It's now nearing March and there is, understandably, some concern re the IPO market with a number of companies already canning their listings.
In January there were high hopes. For example an article in the Australian Financial Review by Anthony Macdonald "TRUenergy to head $25bn IPO crop" states that there will be an estimated $25 billion in initial public offerings for investors in 2012.
This forecast was a significant increase on the shocker that was last year with only 67 companies crossing the finishing line and raising in total $1.64 billion.
Of the 104 IPOs last year eighty-eight were resource related with the median raised a low $4.9 million.
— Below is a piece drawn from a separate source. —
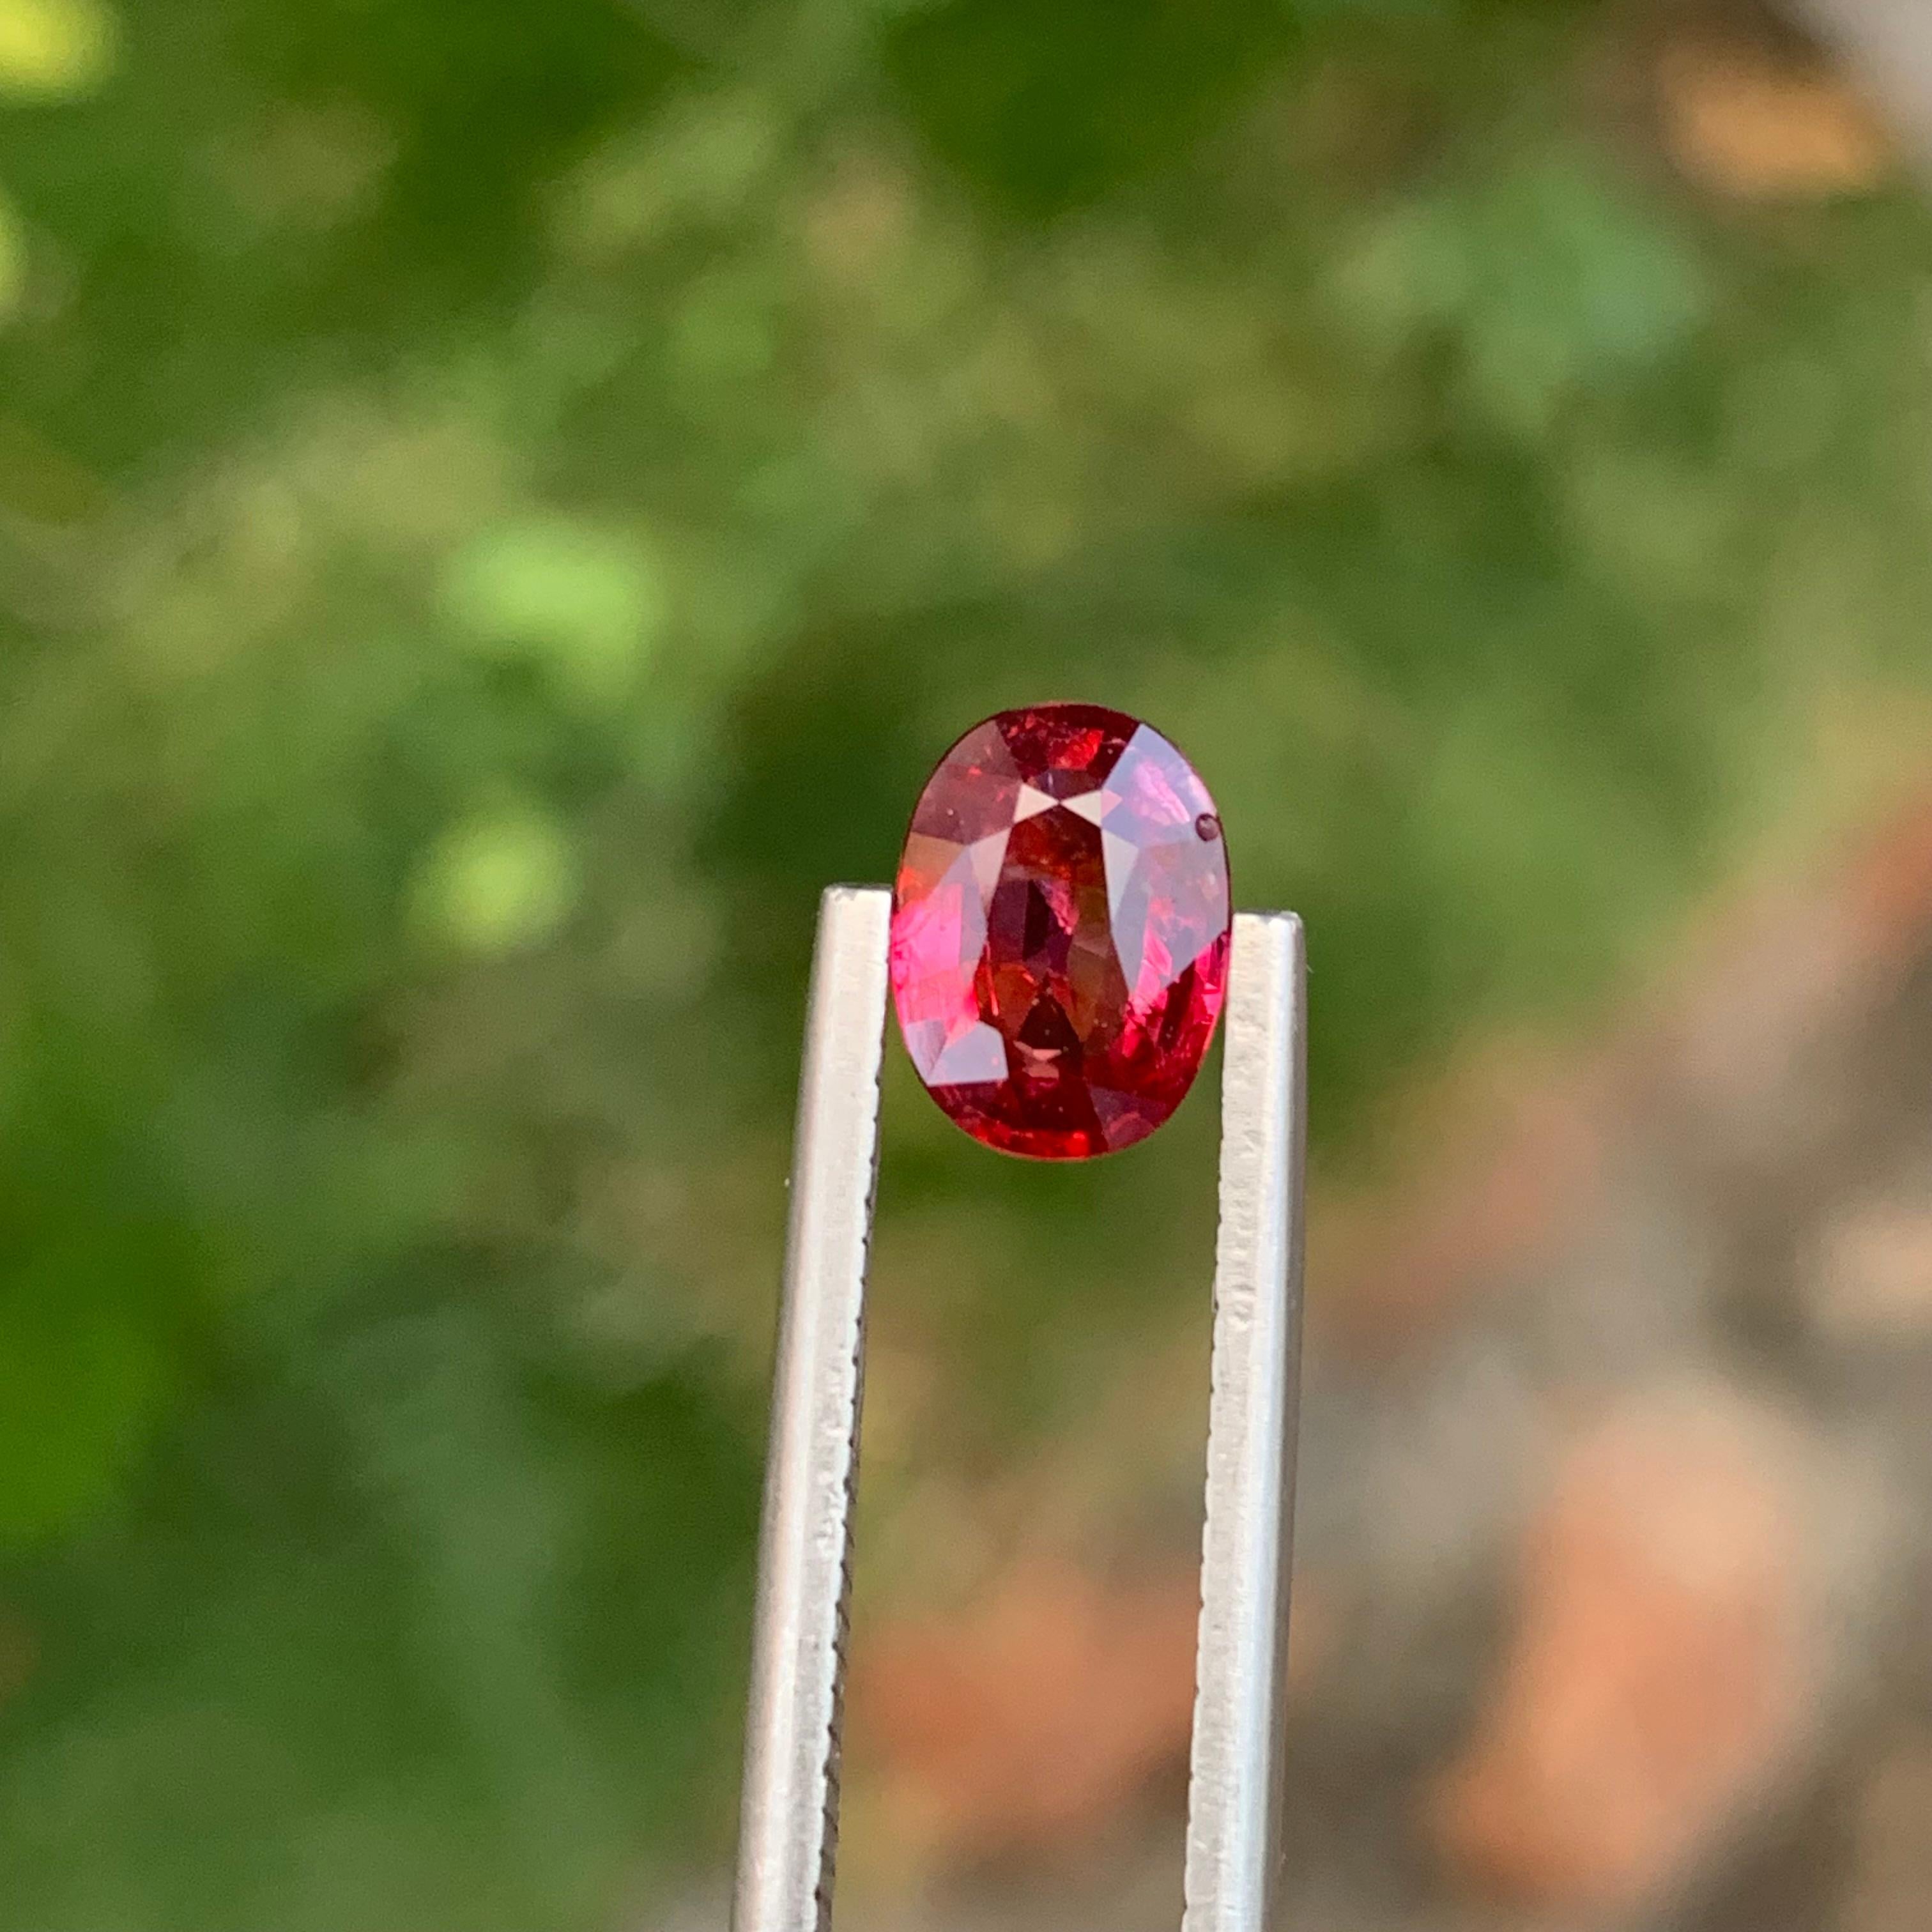 Certified Natural Loose 1.79 Carat Lustrous Ruby Oval Shape Gem From Africa  For Sale 4
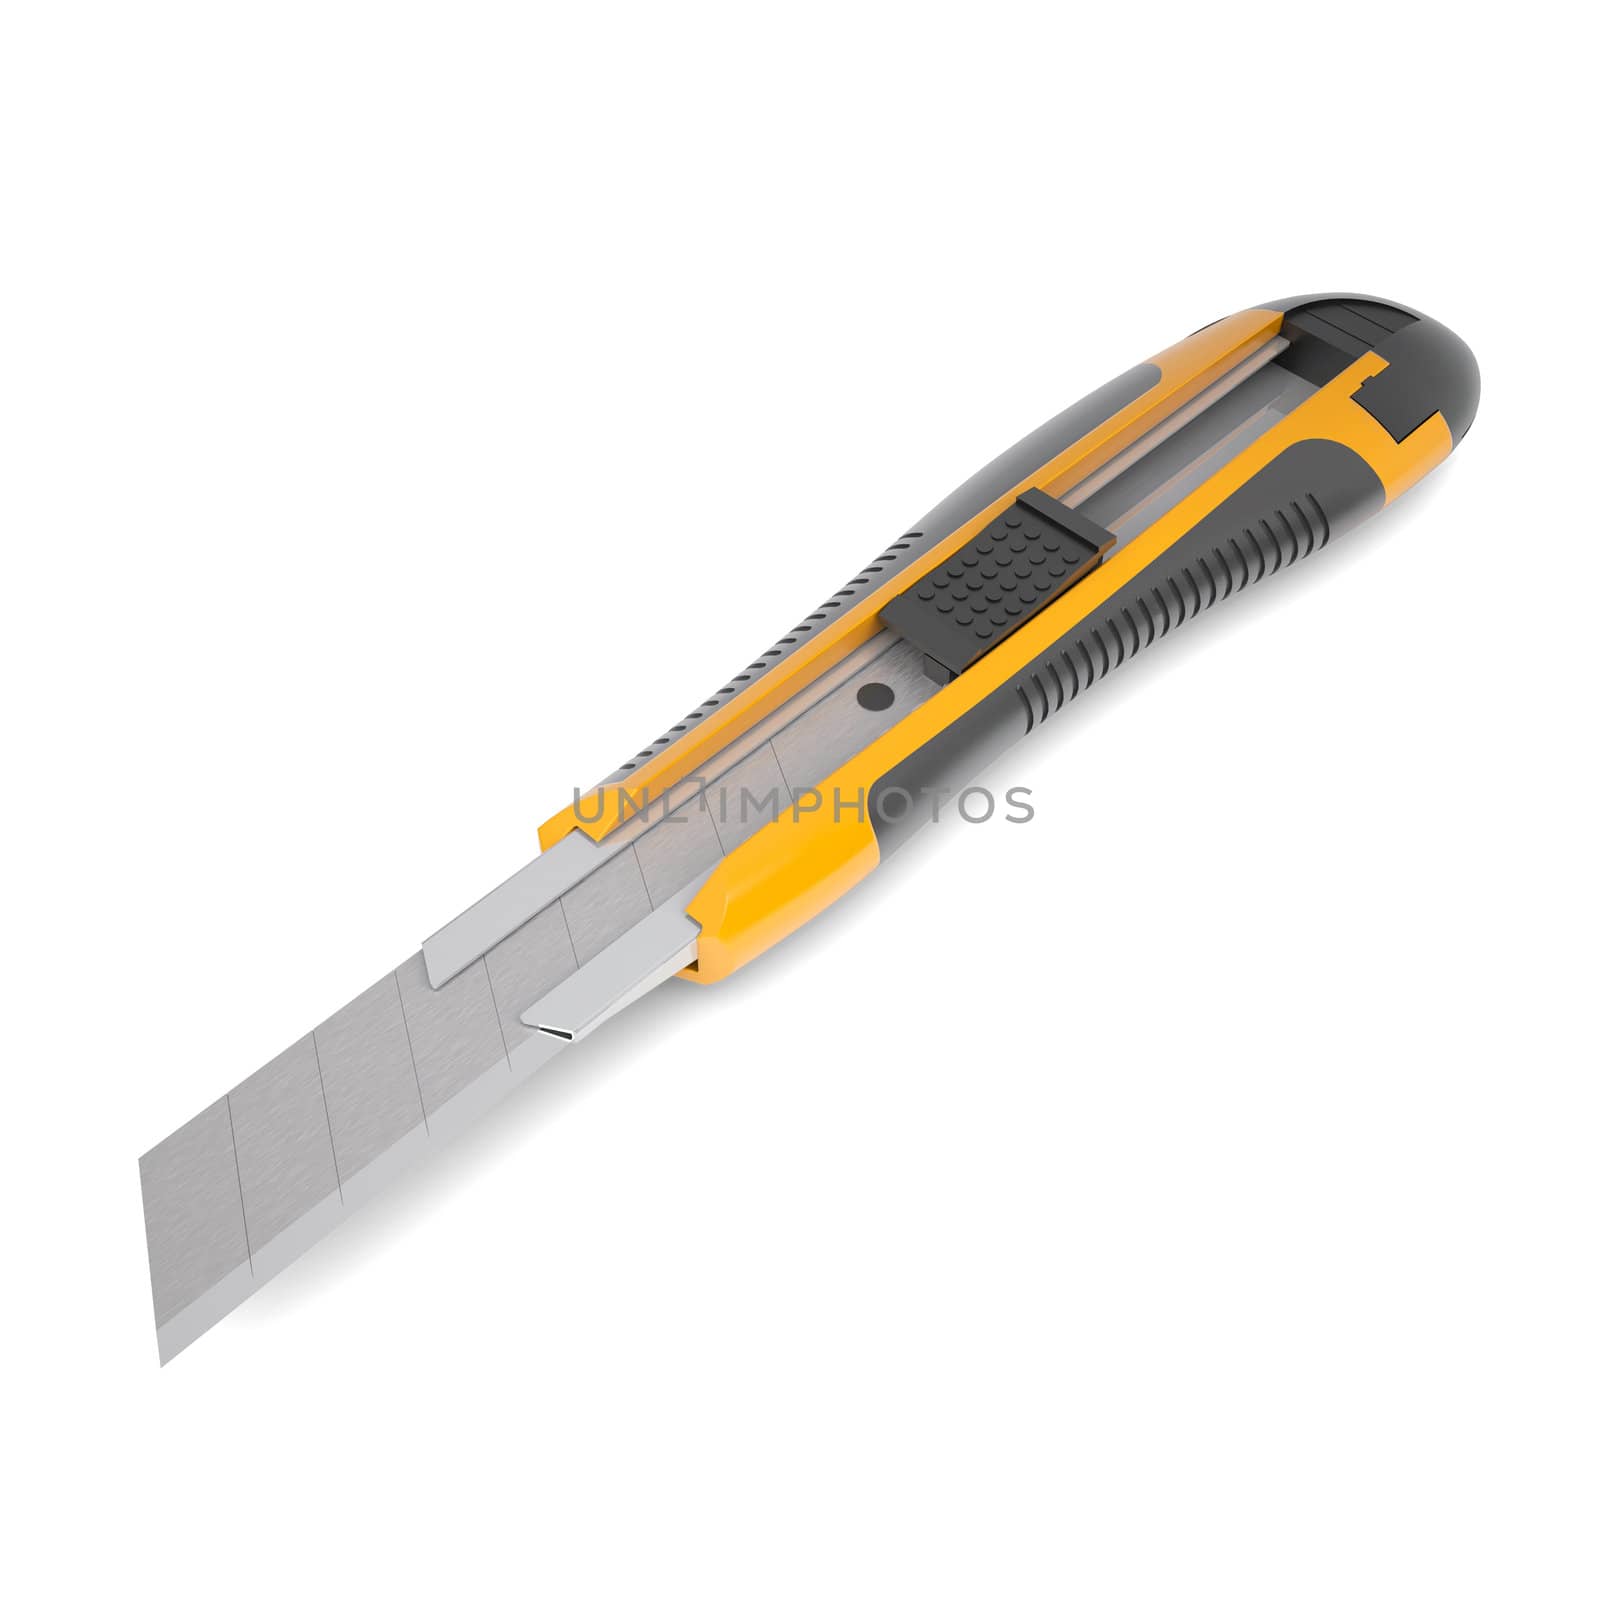 Stationery knife. Isolated render on a white background

2011 was the worst results in ten years and just behind 2001 which had 35 listings raising total of $760 million - ouch!
But nearly three months into the year has the optimism decreased? Well bankers are anticipating that IPOs will be moved back into the second half of the year.
According to an article by Tony Featherstone in AFR today "more resource companies are withdrawing listing applications or struggling to close their offer".
This time last year 17 explorers had listed compared with just seven this year. That's despite a stronger sharemarket and the mining investment
boom.
Only six of 18 current resource IPOs still have confirmed
listing dates whilst others have extended. Some may have to cancel due to being unable to secure the minimum required subscribers.
Writes Featherston "Investors, it seems, have exploration IPO fatigue, at least for nano-cap miners"
"Risk-averse retail investors, weakness in small resource stocks last
year, and the sheer number of exploration IPOs and competition for
investor funds, has turned a difficult float market into a wretched one
for many mining hopefuls"
"Coal, African gold and mining-services floats have been bright spots in
an otherwise dreadful IPO market over the last three years" writes Featherstone.
Featherstone warns that 2012 could be even worse than 2011. And that there will be "fewer but larger established
mining IPOs with advanced projects. The value of resource IPOs may be
well up on last year, despite sharply lower listings."
Maybe that's an indication that the companies need to be more creative and resourceful?
And they need to push the positives to the retail investors.
Ten years ago international economist, Ken Courtis, forecast to a Canberra audience a vast
mining boom and the Australian dollar moving to parity with the US
dollar within 10 years.
That seemed unlikely at the time with the Australian dollar at
US52¢
So naturally we are very interested in what he is now forecasting. He beliees the world financial markets are going to be "ugly" in the months ahead and commodities are about to hit a short term peak.
But he advises against panic selling
gold, energy, mining or food investments.
''We will look back and say to ourselves, 'why didn't we
buy gold when it was only US$1900 an ounce?''' says Courtis.
Gold was trading for $600 an ounce a few
years ago but as of late 2011 it had increased to $US1880 an ounce.
States Courtis "The great surge in commodity prices has only just begun
and the past decade is only the precursor to the next."
This can only be a positive sign for the many resource companies seeking to list this year.